S400, merging the neighbor node set and the similar attribute node set to obtain a first attribute graph, and determining the final node representation of the first attribute graph.
Specifically, step S400 includes the following steps S410 to S430.
S410, merging the neighbor node set and the similar attribute node set to obtain a first attribute graph.
S420, splicing the structural representation and the attribute representation of the second node in the first attribute graph, and further determining a first neighbor node of the root node.
And splicing the structural representation and the attribute representation representing the same node in the neighbor node set and the similar attribute node set, and determining a first neighbor node of the root node.
And S430, performing fusion calculation on the root node and the first neighbor node by adopting a multi-head attention mechanism to obtain a final node representation.
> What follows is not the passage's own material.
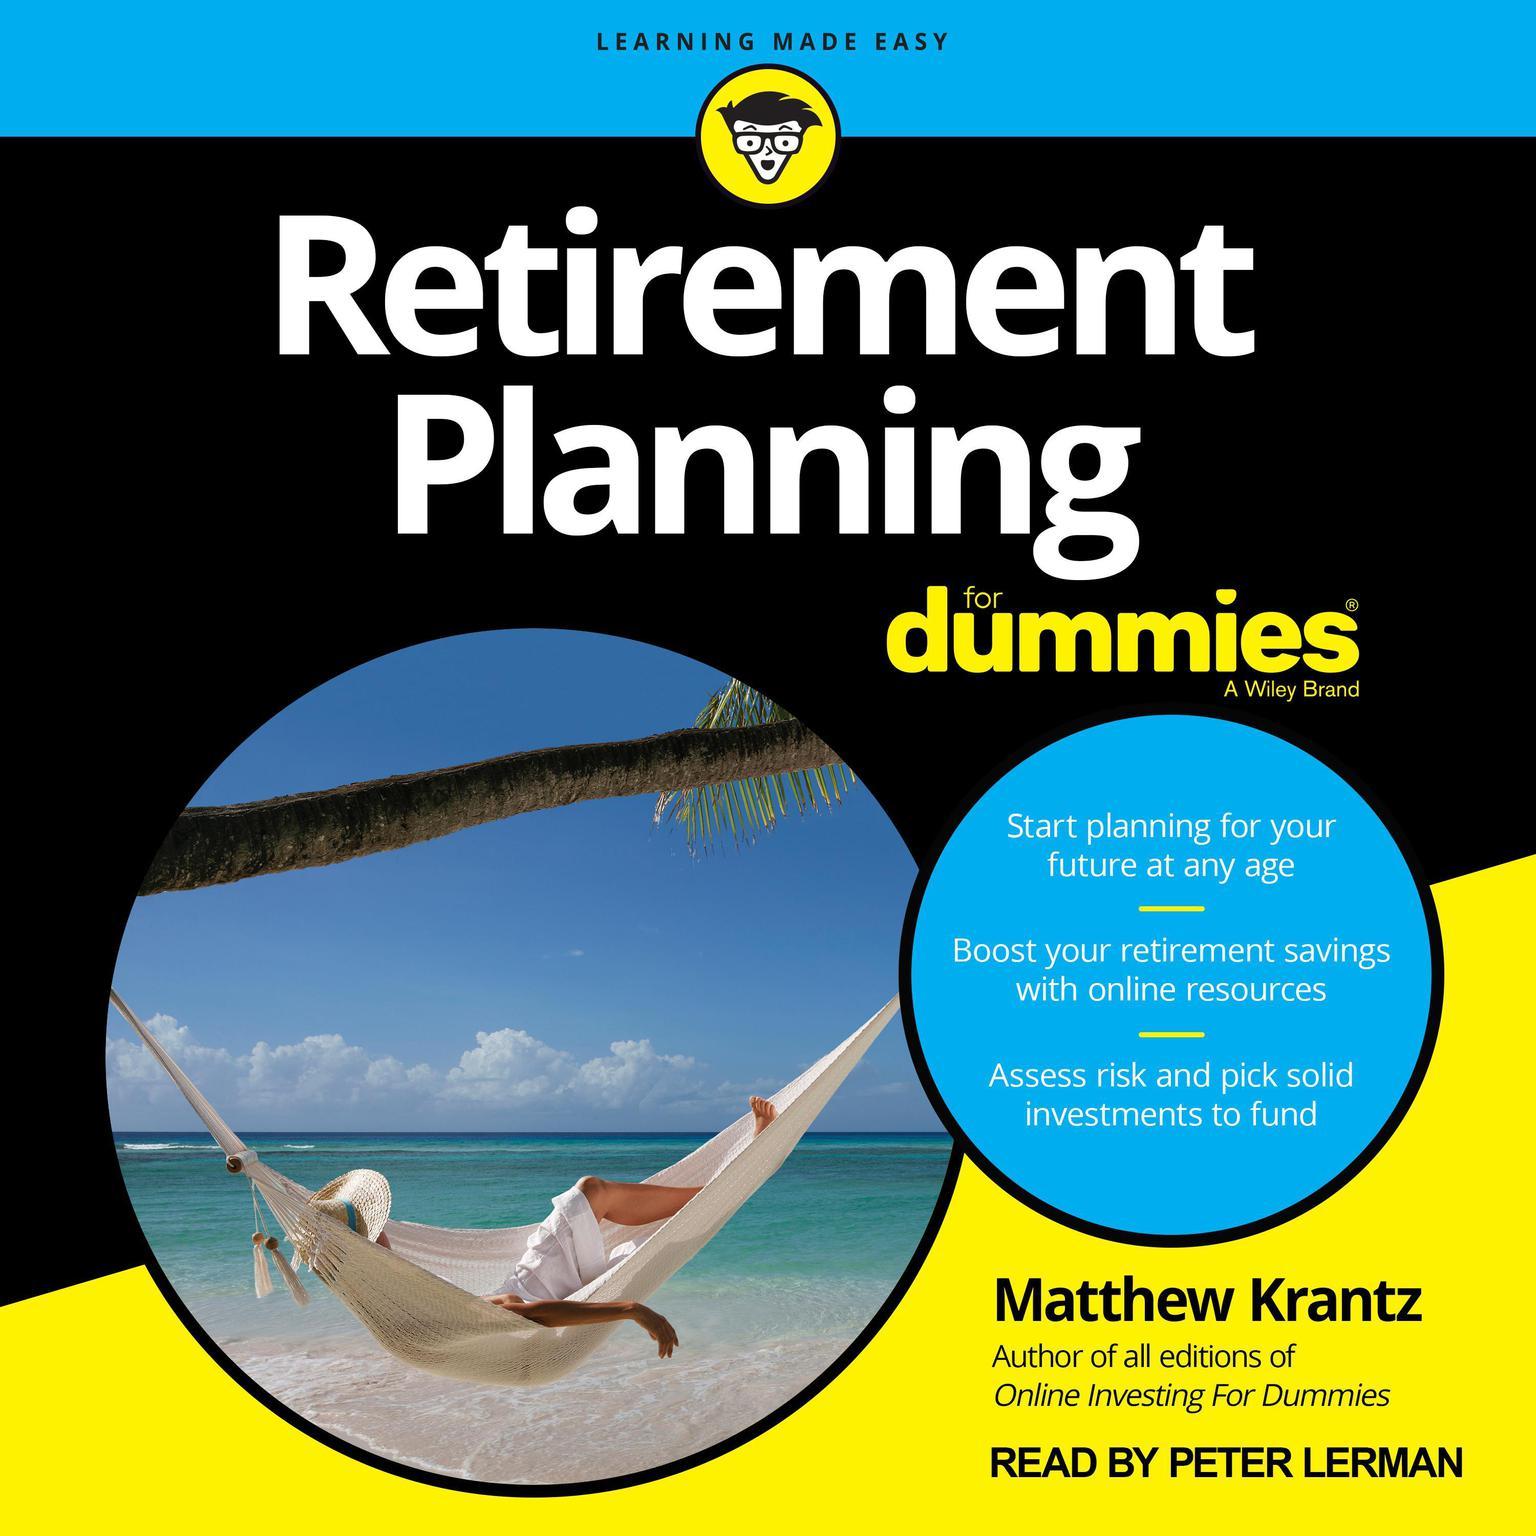 Retirement Planning For Dummies Audiobook, by Matthew Krantz

In the embodiment of the invention, the step of performing fusion calculation on the root node and the first neighbor node by adopting a multi-head attention mechanism comprises the following steps of:
step one, characteristic representation. Converting the input root node and the first neighbor node into feature representations, wherein each node represents a feature or element of data through the feature representations in the first attribute graph;
and step two, similarity calculation. The similarity or the correlation between each node and other nodes is calculated, and dot product, cosine similarity and the like can be adopted in the method for calculating the similarity or the correlation;
and thirdly, calculating weights. Calculating the weight of each first node according to the result obtained by similarity calculation, and converting the similarity into probability distribution by adopting a normalization function (such as Softmax);
and step four, weighted summation. And carrying out weighted summation on the weight of each first node and other corresponding characteristics to obtain a final node representation. The higher weighted nodes have a greater contribution in the final node representation.
The calculation formula of the multi-head attention mechanism in the embodiment of the invention is as follows:
MultiHead(Q,K,V)=Concat(head 1 ,head 2 ,…,head h )W O
wherein multi head represents a multi-headed attention calculation; q, K and V represent input query, key, and value, respectively; w (W) O Is a weight matrix; h represents the number of attention headers; the dimension is n x d; n is the number of nodes; d is the representation dimension.
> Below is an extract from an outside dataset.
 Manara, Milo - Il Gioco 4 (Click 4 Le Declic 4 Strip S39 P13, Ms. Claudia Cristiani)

Each attention header head i Applying a scaled dot product attention mechanism to both Q, K and V, the attention head formula is: head part i =Attention(QW i Q ,KW i K ,VW i V ) Wherein W is i Q ,W i K ,W i V Is a learnable parameter. The attention mechanism formula is:wherein d k Is the dimension of the key vector K.
And finally, connecting the output result of the multi-head attention with the attribute vector representation of each first node to obtain a final node representation, wherein the calculation formula is as follows: h is a v =Concat(MultiHead(Q v ,K v ,V v ),Attribute(v))。
S500, representing the probability of existence of a link between the prediction source node and the target node according to the final node.
Specifically, step S500 includes the following steps S510 to S550.
S510, acquiring a source node and a target node to be predicted.
S520, determining a first embedded representation of the source node and a second embedded representation of the target node according to the final node representation.
And finding a node representation corresponding to the source node in the final node representation as a first embedded representation, and finding a node representation corresponding to the target node as a second embedded representation.
S530, splicing the first embedded representation and the second embedded representation into a vector and inputting the vector into the multi-layer perceptron.
S540, determining a link score according to the first layer weight matrix, the second layer weight matrix, the first layer bias vector and the second layer bias vector of the multi-layer perceptron.
S550, determining the probability of existence of the link between the source node and the target node according to the link score.
In the embodiment of the invention, a calculation formula of a link score of a link between a source node and a target node is as follows:
P(u i ,u j )=σ(W 2 f(W 1 [u i ,u j ]+b 1 )+b 2 )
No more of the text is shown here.